Lors du bilan de la première année d'activité, les associés ont critiqué sa gestion dans la conduite de l'exploitation. Ils trouvaient trop de dépenses incontrôlées.
Mais les associés ont besoin de Marcel. Il est le seul à pouvoir augmenter les revenus de la société par sa qualité de vigneron. L'assemblée prend donc une décision : à partir du 1er février, Marcel n'est plus gérant de la société mais seulement gérant technique appointé, devenant salarié et cédant toutes ses parts aux autres associés. Doit-il alors cotiser à la MSA au titre de ses anciennes fonctions pour l'année entière ou seulement pour les quelques semaines où il a effectivement exercé la gérance de la société ?
Un tel cas de figure s'est présenté devant le tribunal des affaires sociales et, en dernier lieu, devant la Cour de cassation. Depuis le 10 février 2010, un agriculteur n'était plus chef d'exploitation et, cependant, la MSA lui réclamait l'intégralité des cotisations dues pour 2010.
Il a demandé à la MSA de réduire la somme réclamée au montant correspondant à un mois et dix jours de l'année 2010, alors qu'il était devenu salarié de la société et immatriculé en tant que tel. La commission de recours amiable de la MSA puis le tribunal des affaires de Sécurité sociale lui ont donné tort. Sûr de son bon droit, Marcel s'est pourvu en cassation. Mal lui en a pris.
La Cour de cassation a confirmé le jugement précédent. Son motif est à retenir. Selon elle, il résulte de l'article L. 731-10-1 du code rural que les cotisations dues par les chefs d'exploitation et, du même coup, les gérants de SCEA comme de GFA exploitant sont fixées pour chaque année civile. La situation du chef d'exploitation ou d'entreprise agricole est appréciée au premier jour de l'année civile pour laquelle ces cotisations sont dues. En cas de cessation de l'activité au cours de l'année, le chef d'exploitation ou d'entreprise est tenu au paiement des cotisations pour l'année entière.

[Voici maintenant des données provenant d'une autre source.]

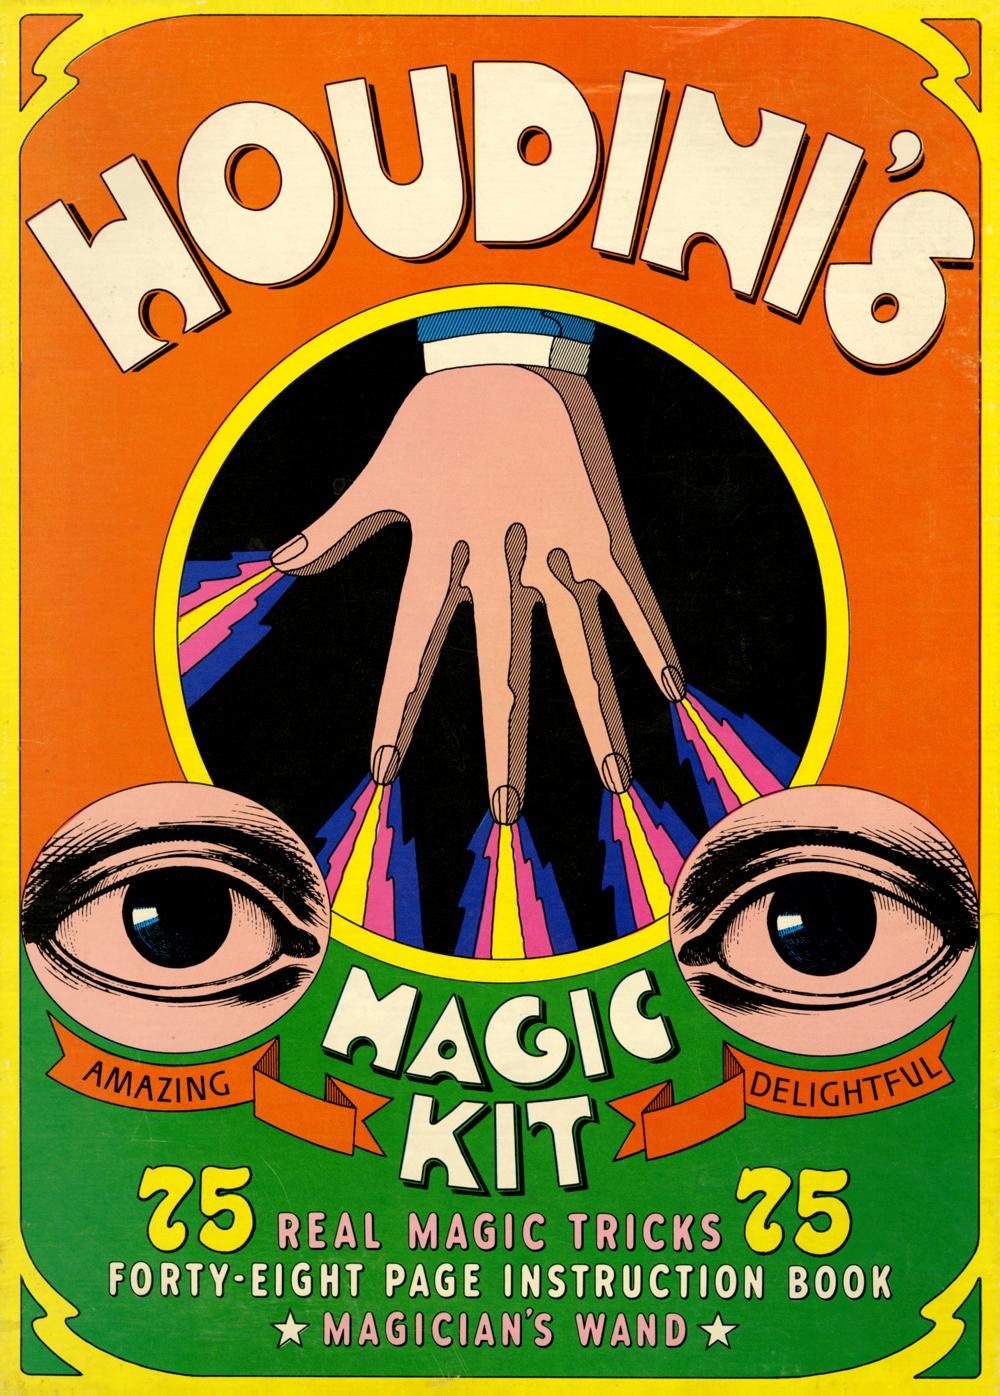 houdini-magic-kit-box_23584565198_o (1).png

Il en résulte que, même si Marcel n'est plus chef d'exploitation à partir du 1er février et même s'il était immatriculé comme salarié à partir de cette date, il doit s'acquitter des cotisations de chef d'exploitation pour toute l'année.

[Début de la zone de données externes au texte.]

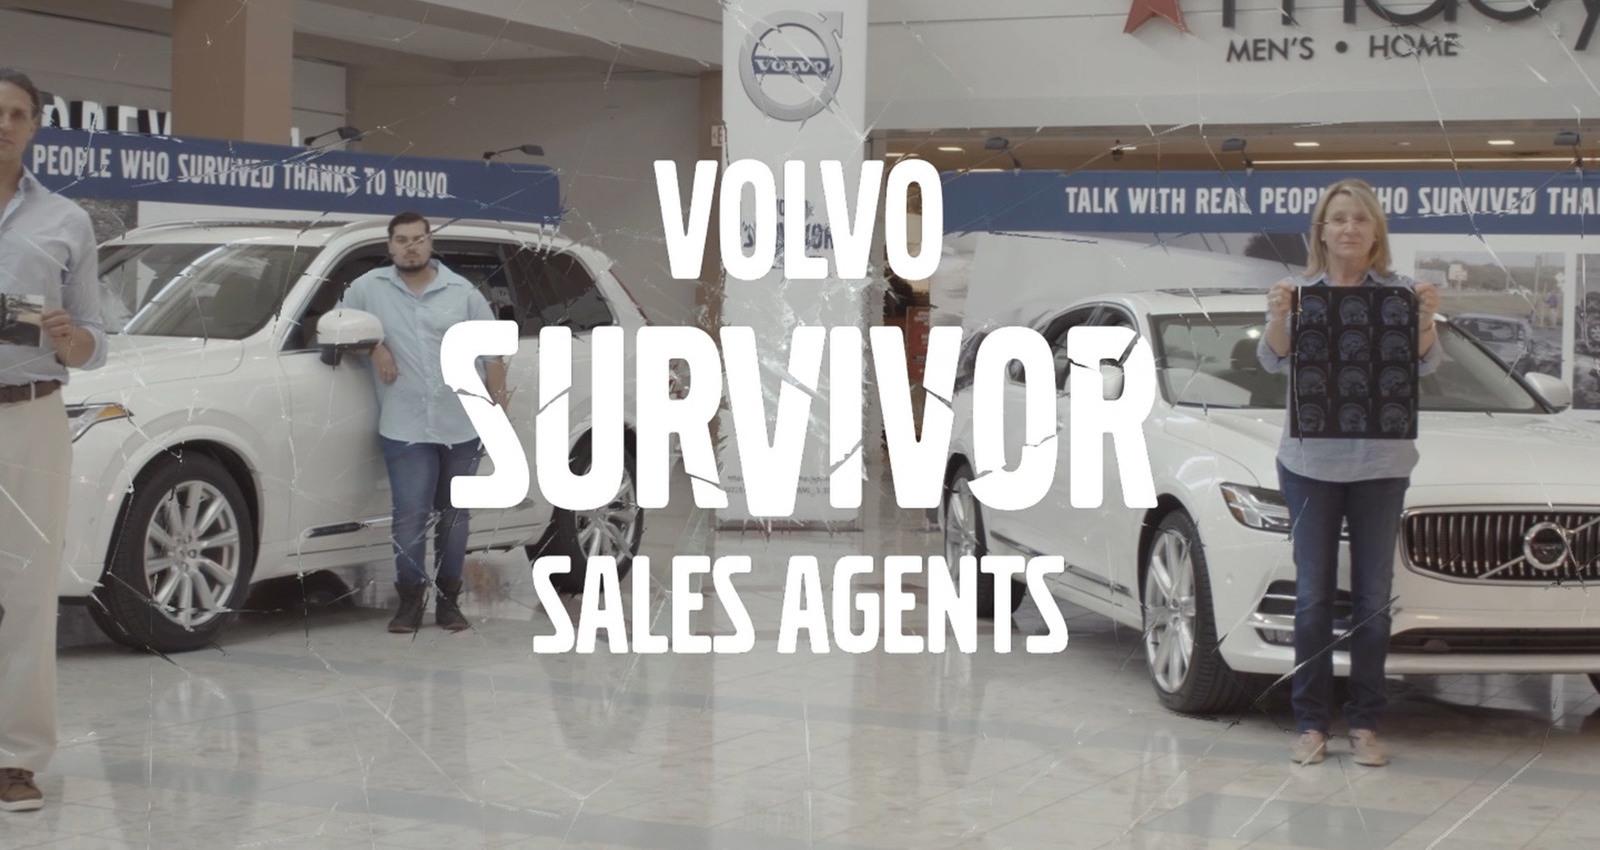 Volvo Survivor Sales Agents

Pourra-t-on soutenir que la société doit supporter les cotisations réclamées à Marcel, alors qu'il n'est plus chef d'exploitation ? Le problème se présente aussi lorsqu'un propriétaire vend son bien foncier en cours d'année. Il supporte la taxe foncière pour l'année entière, quelle que soit la date de la vente. Quitte à se faire rembourser proportionnellement par l'acquéreur.